Cybersecurity experts identify three major vulnerabilities plaguing educational institutions:

• System intrusions: The exploitation of weak or outdated IT infrastructure.
• Social engineering: Manipulative techniques to trick individuals into disclosing sensitive information.
• Human error: Unintentional actions, such as misconfigurations or sharing passwords, that lead to breaches.

These vulnerabilities necessitate a strategic overhaul of how educational institutions approach cybersecurity.

Practical solutions for Australian institutions

To address these growing threats, Australian schools and universities must adopt a multi-faceted cybersecurity strategy that covers:

1. Strengthening their IT infrastructure:
   Robust IT systems are essential to protect against breaches. Regularly updating software and hardware ensures vulnerabilities are patched. Schools should employ network segmentation to limit access and mitigate potential breaches.

   The implementation of strict password policies, management of Bring Your Own Device (BYOD) programs, and the establishment of separate Wi-Fi networks for personal, school, and guest devices are also crucial. Mobile Device Management (MDM) systems further enforce compliance and protect sensitive data.
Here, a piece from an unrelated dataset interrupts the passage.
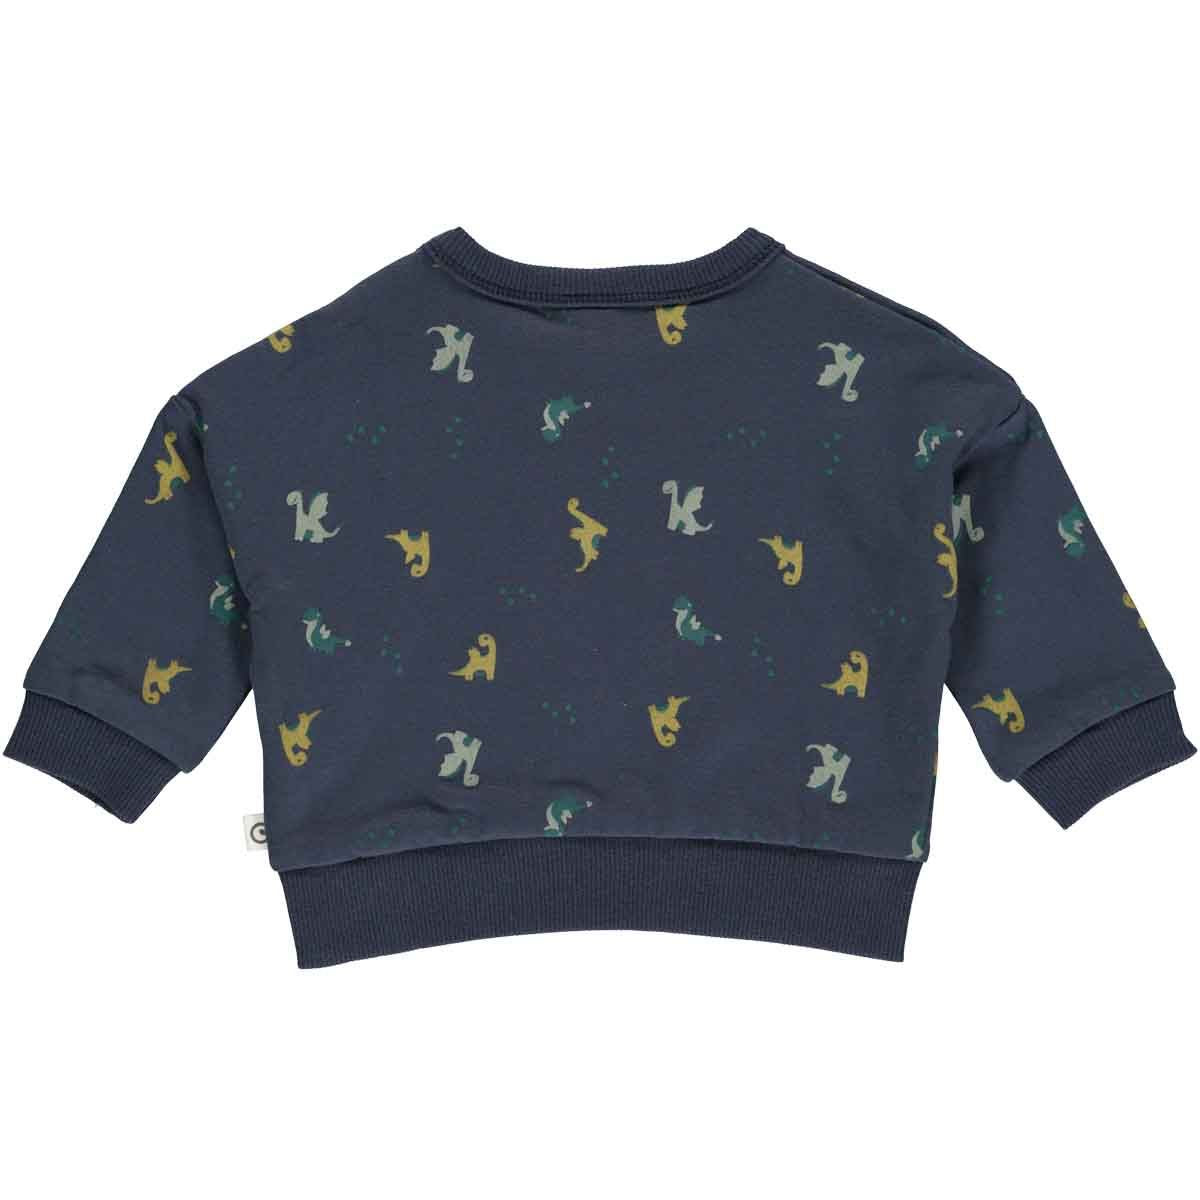 donkerblauwe baby sweater met draakjes print, foto van de achterkant

2. Raising cybersecurity awareness:
   Educating students, staff, and parents is key to fostering a culture of security. Australian institutions should conduct regular cybersecurity training sessions, which may include attack simulations and workshops on device safety.
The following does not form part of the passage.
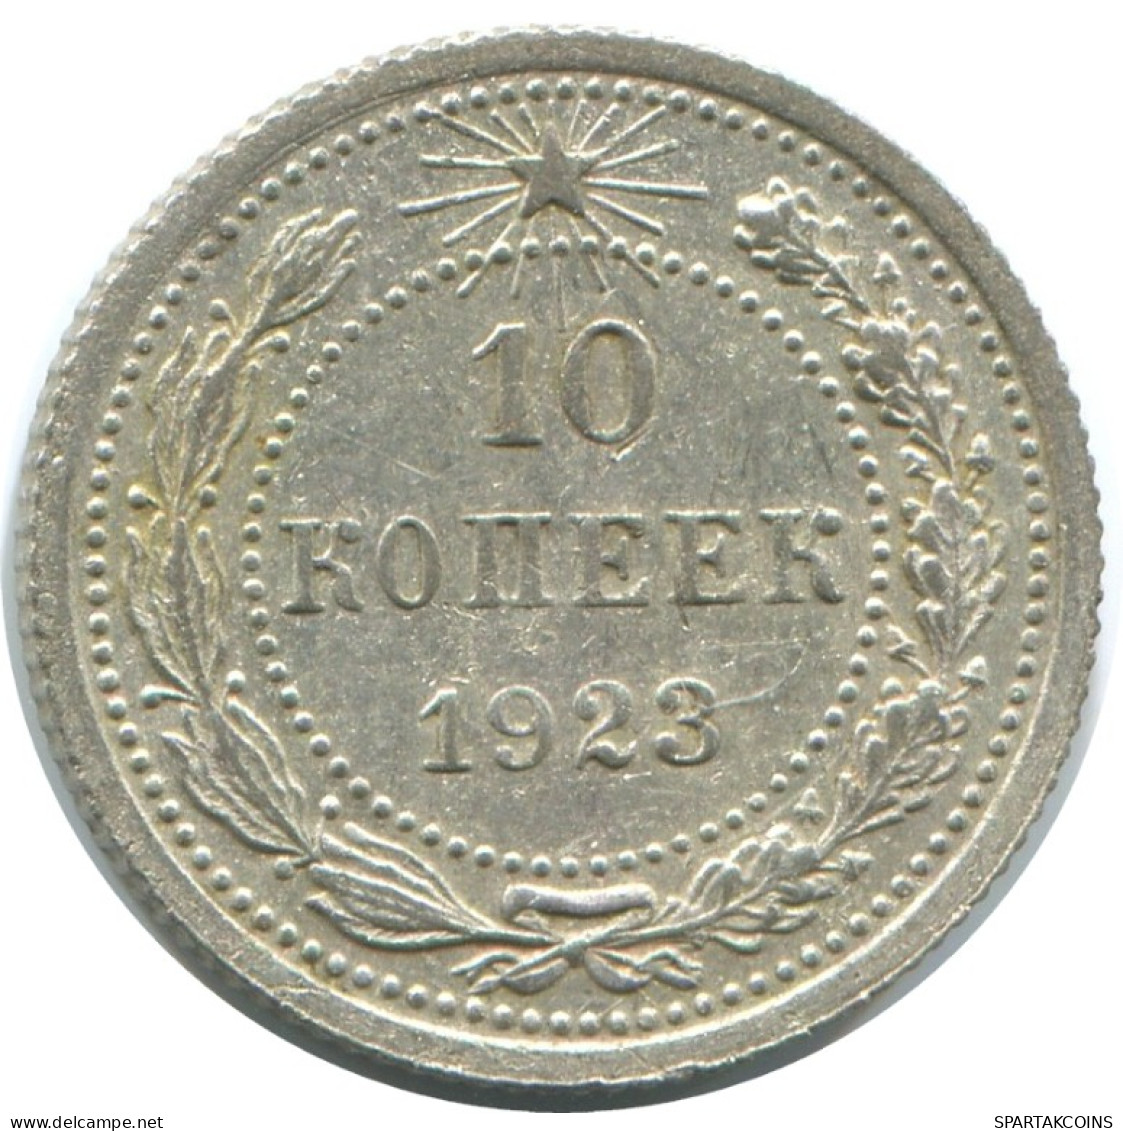 10 KOPEKS 1923 RUSSLAND RUSSIA RSFSR SILBER Münze HIGH GRADE #AE992.4.D.A - Russland

   By promoting awareness and shared responsibility, such initiatives help mitigate human error and reduce vulnerability to social engineering attacks.
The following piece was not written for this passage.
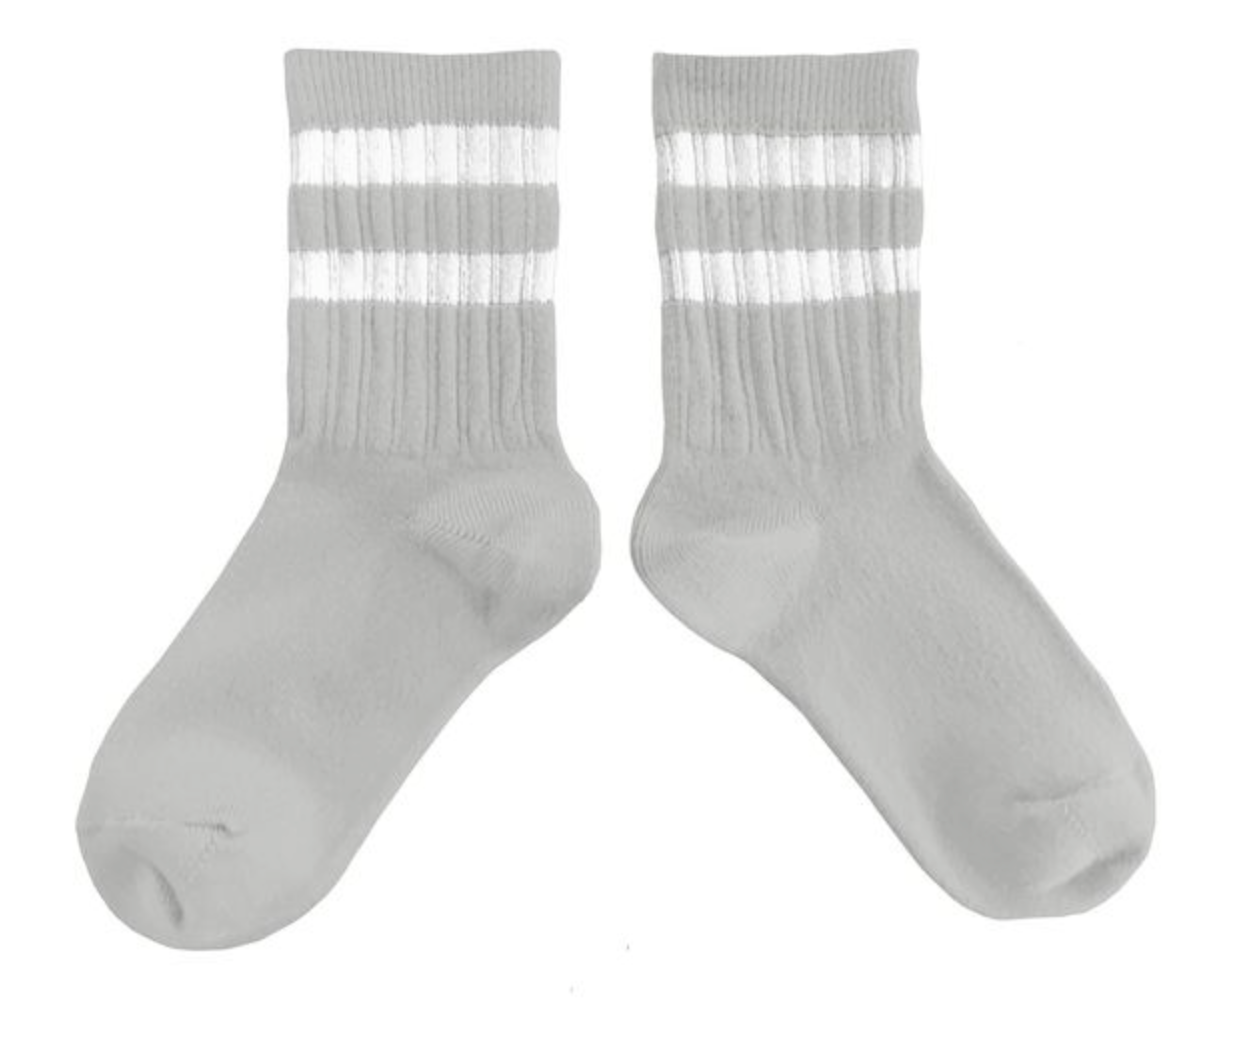 Socken 'Nico' in verschiedenen Farben

3. Investing in advanced tools:
   The adoption of basic cybersecurity tools, such as network monitoring systems, is vital. These tools provide early detection of suspicious activity and facilitate quick responses. Institutions should also use virtual private networks (VPNs) to secure off-campus connections.

   Identity protection is another critical area. Role-based access controls ensure users only access data relevant to their roles, while contextual access adjusts security based on user behaviour or location. Multi-Factor Authentication (MFA) is essential, adding an extra layer of security by requiring multiple verification steps for access.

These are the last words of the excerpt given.